Gershom Gustav Schocken (, 29 September 1912 20 December 1990) was an Israeli journalist and politician who was editor of Haaretz for more than 50 years and a member of the Knesset for the Progressive Party between 1955 and 1959.

Biography
Gustav (Gershom) Schocken was born in Zwickau, Germany, to Zerline "Lilli" ( Ehrmann) and Salman Schocken, a retailer. He studied at the University of Heidelberg and the London School of Economics. While in Heidelberg, he befriended fellow student Walter Gross, whom he would later work with for decades at Haaretz.

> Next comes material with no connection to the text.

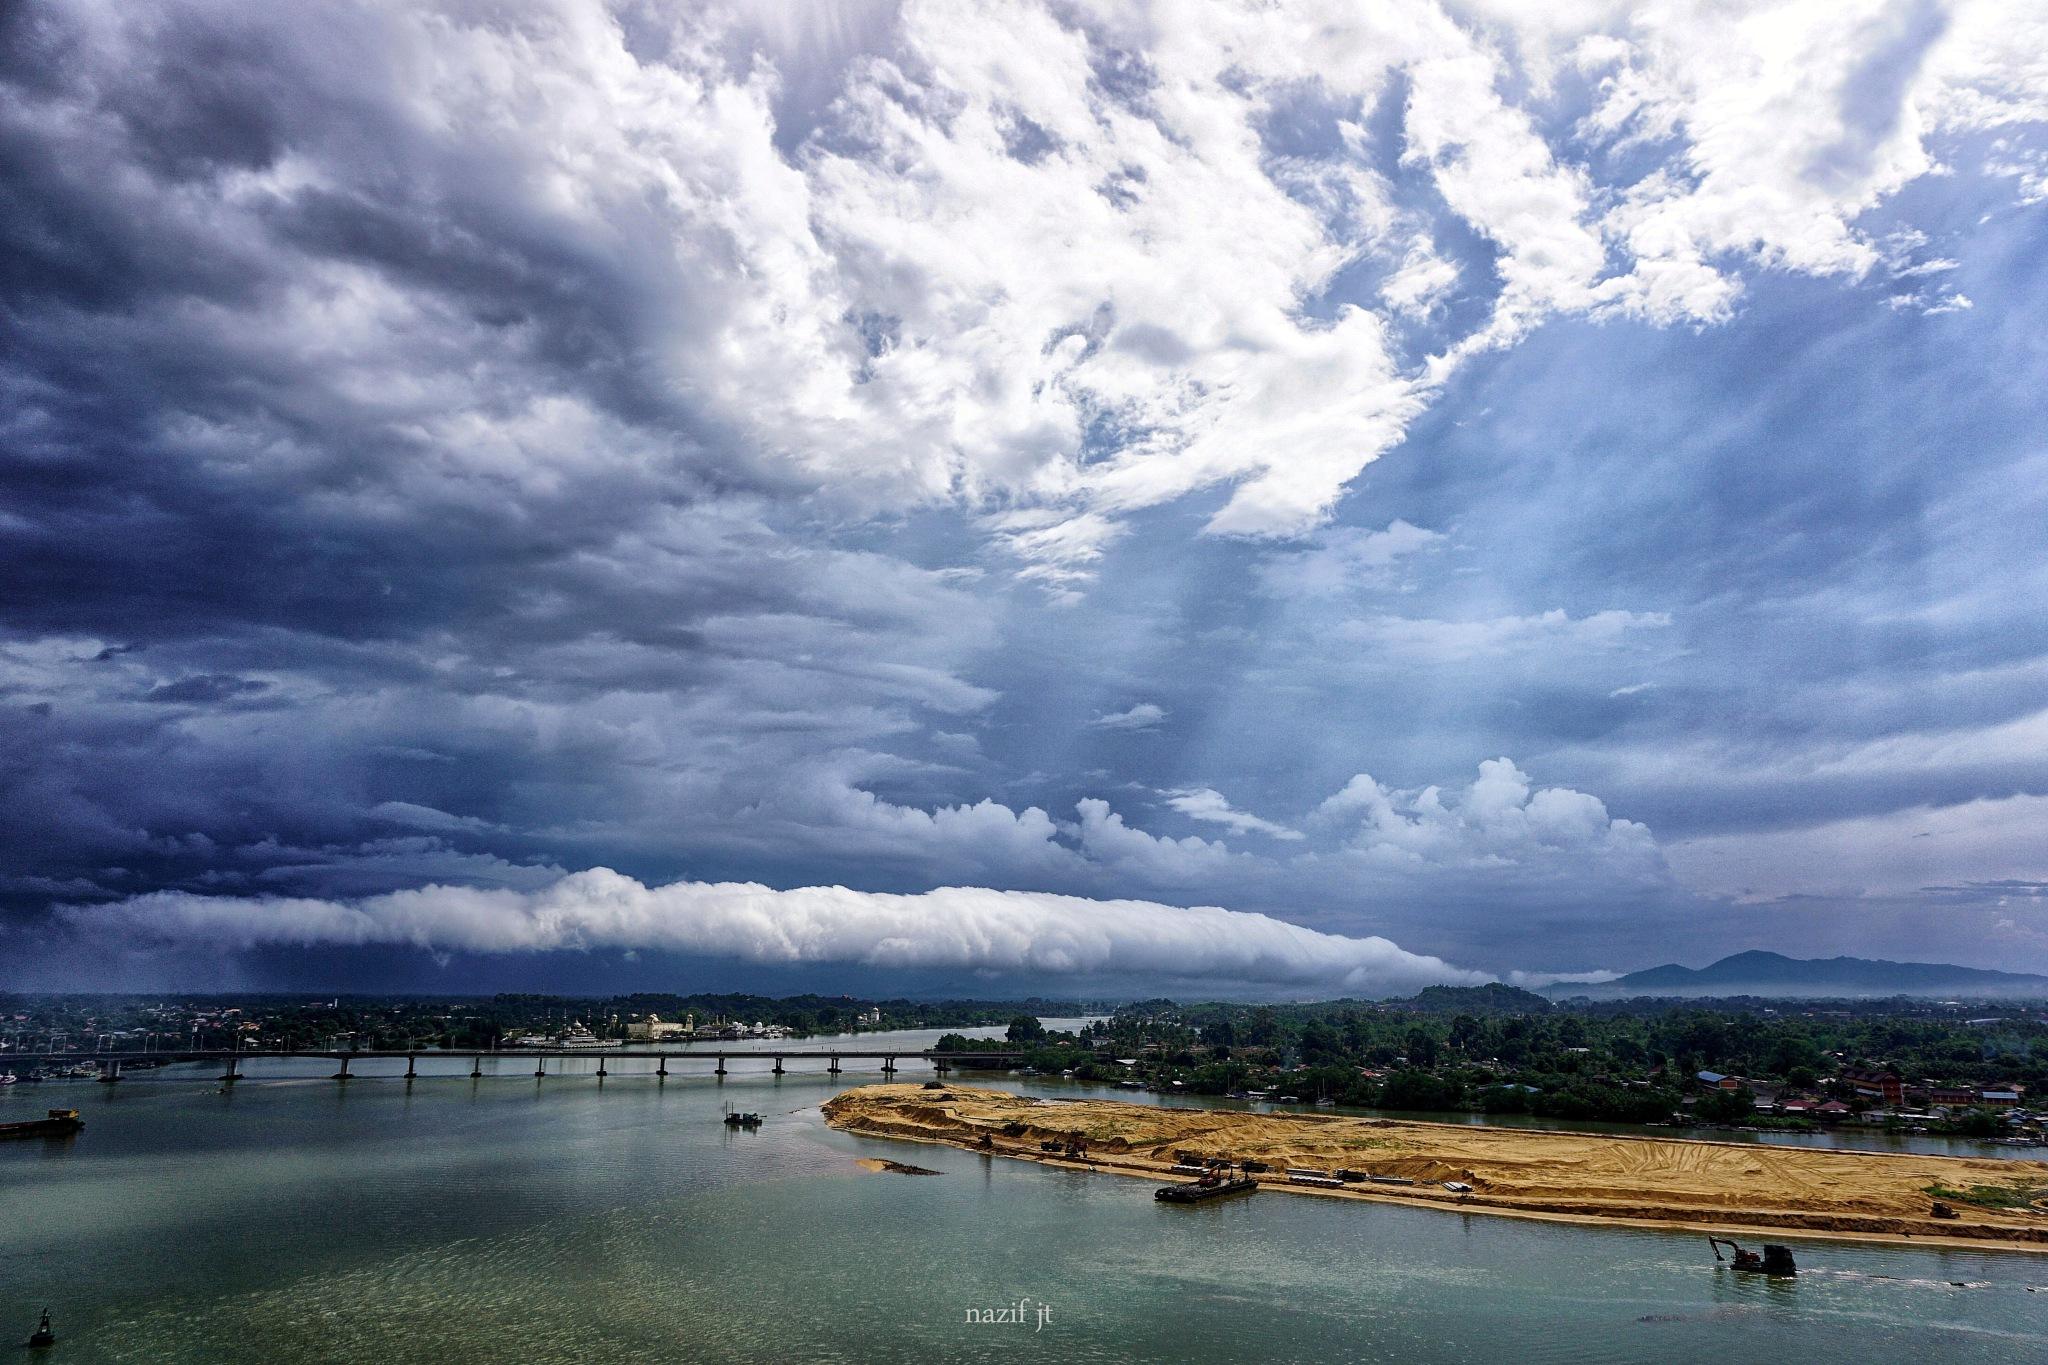 Clouds by nazifjaafar

Following Adolf Hitler's rise to power, he made aliyah to Mandatory Palestine in 1933 one year before the rest of his family, and got a job at Anglo-Palestine Bank, where he remained until 1936.

Schocken was married to Shulamit Parsitz, daughter of General Zionists MK Shoshana Parsitz, and had three children, Amos (the current publisher of Haaretz), Hillel (an architect) and Racheli Edelman.

He died of liver cancer at the Sheba Medical Center in Tel Aviv on 20 December 1990 at the age of 78.

Media and literary career
In 1939 he became editor of the Haaretz newspaper, which had been bought by his father Salman two years earlier. He remained editor of the paper until his death in 1990. In 1950 he was amongst the founders of the ITIM news agency.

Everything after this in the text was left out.